とびっきり野菜料理がおいしいと評判の料理店「ごはん屋ヒバリ」に行ってきました。東京・世田谷、祖師谷大蔵駅から商店街を歩いて3分。2Fまで緑に囲まれて、ひっそり。店主の田中聖子さんは、もと化学の研究者だったそうです。なぜ料理を仕事に? 知りたくなりました。

※今回から4回にわたって、お話を伺います。田中聖子さんセレクトの「おいしいものスペシャルセット」プレゼントもあります。

――野菜は苦手なのに、「ごはん屋ヒバリ」の野菜だけは食べられるという人がいます。
「ヒバリ」に来ると野菜を食べるのだけれど、家では野菜料理はまったく食べない。そういうお子さんがいます。舌は正直です。なぜなのだろう? と考えますよね。
――野菜の味、ですか?
野菜そのものがおいしいんです。広島の、ある農家さんから仕入れているのですが、味が濃く、力強い。15年前、たまたま出合った野菜がこんなにおいしくなかったら、私はお店を開いていなかったと思います。この味を伝えなければ! この野菜を引き立てる調理法は? と、使命感に燃えてしまった(笑)。
――なぜ、そんなにおいしいのでしょう。
固定種、在来種といって、昔からある種から作り続けてきた野菜だから、「自然」を食べているのと同じなんですね。日本には四季があって、最も栄養価も味もよい旬がある。
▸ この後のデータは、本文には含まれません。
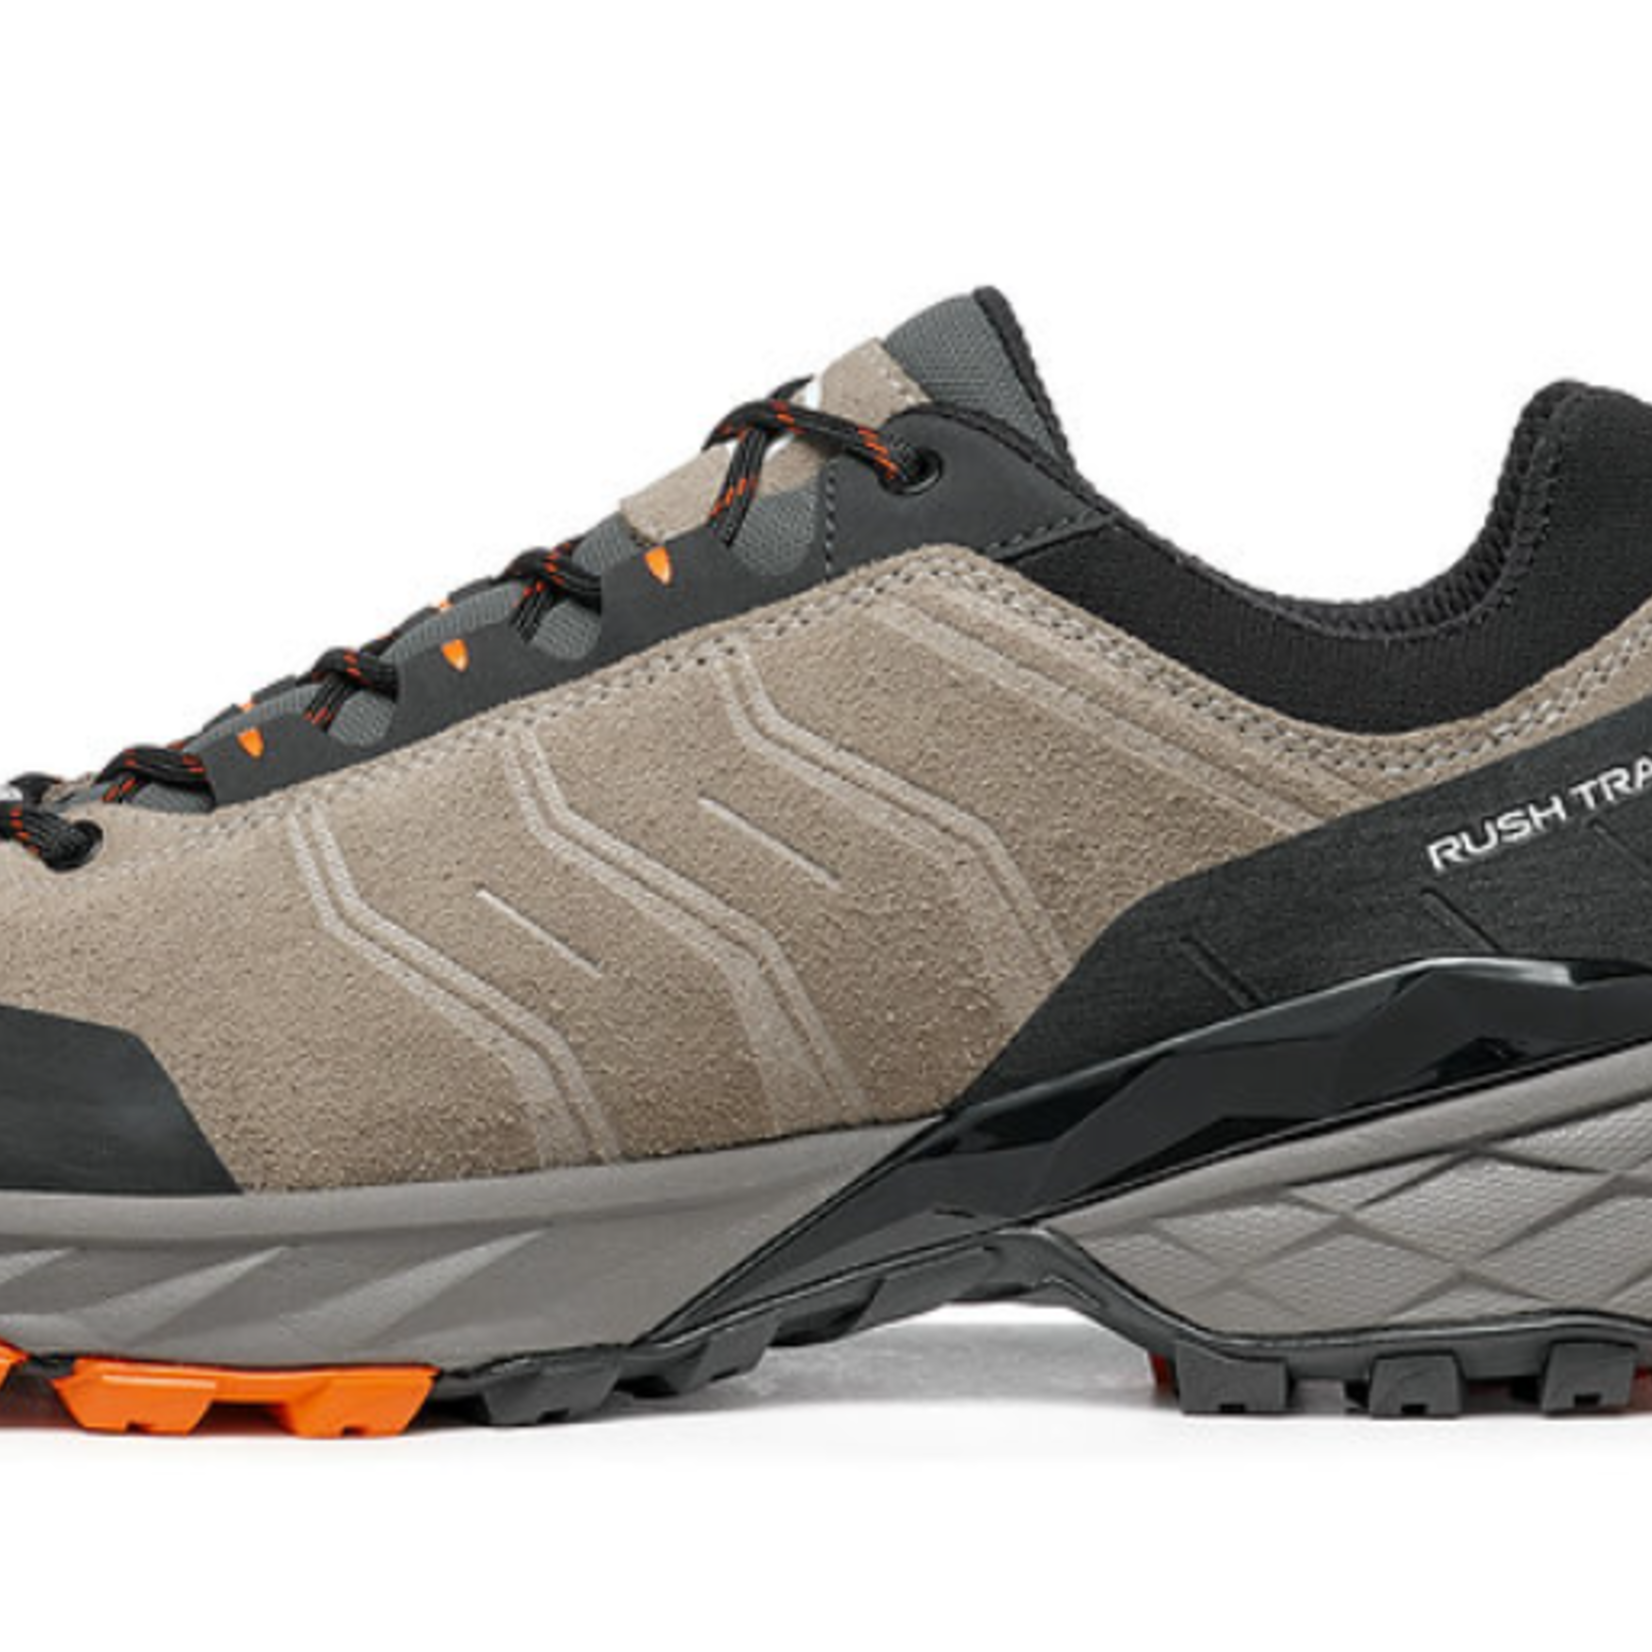 Scarpa Lightweight hiking shoes RUSH TRAIL GTX - Men

食べる私たちも、その時々に「おいしい」と感じるカラダなのだと思います。
――おいしいとは理由があるのですね。
春には、山菜。暑い夏には、ナスやきゅうり、葉物も。寒くなれば、きのこや根菜類。自然の流れで食べていく理由があると思っています。私自身、実感しています。固定種の野菜に出合ってから、調味料も添加物のない伝統製法のものに替えていったら、いつの間にか目がよくなって(笑)。でも、考えたら不思議でも何でもないですよね? 目も脳も、内臓、皮膚……すべて食べたものからできているのですから。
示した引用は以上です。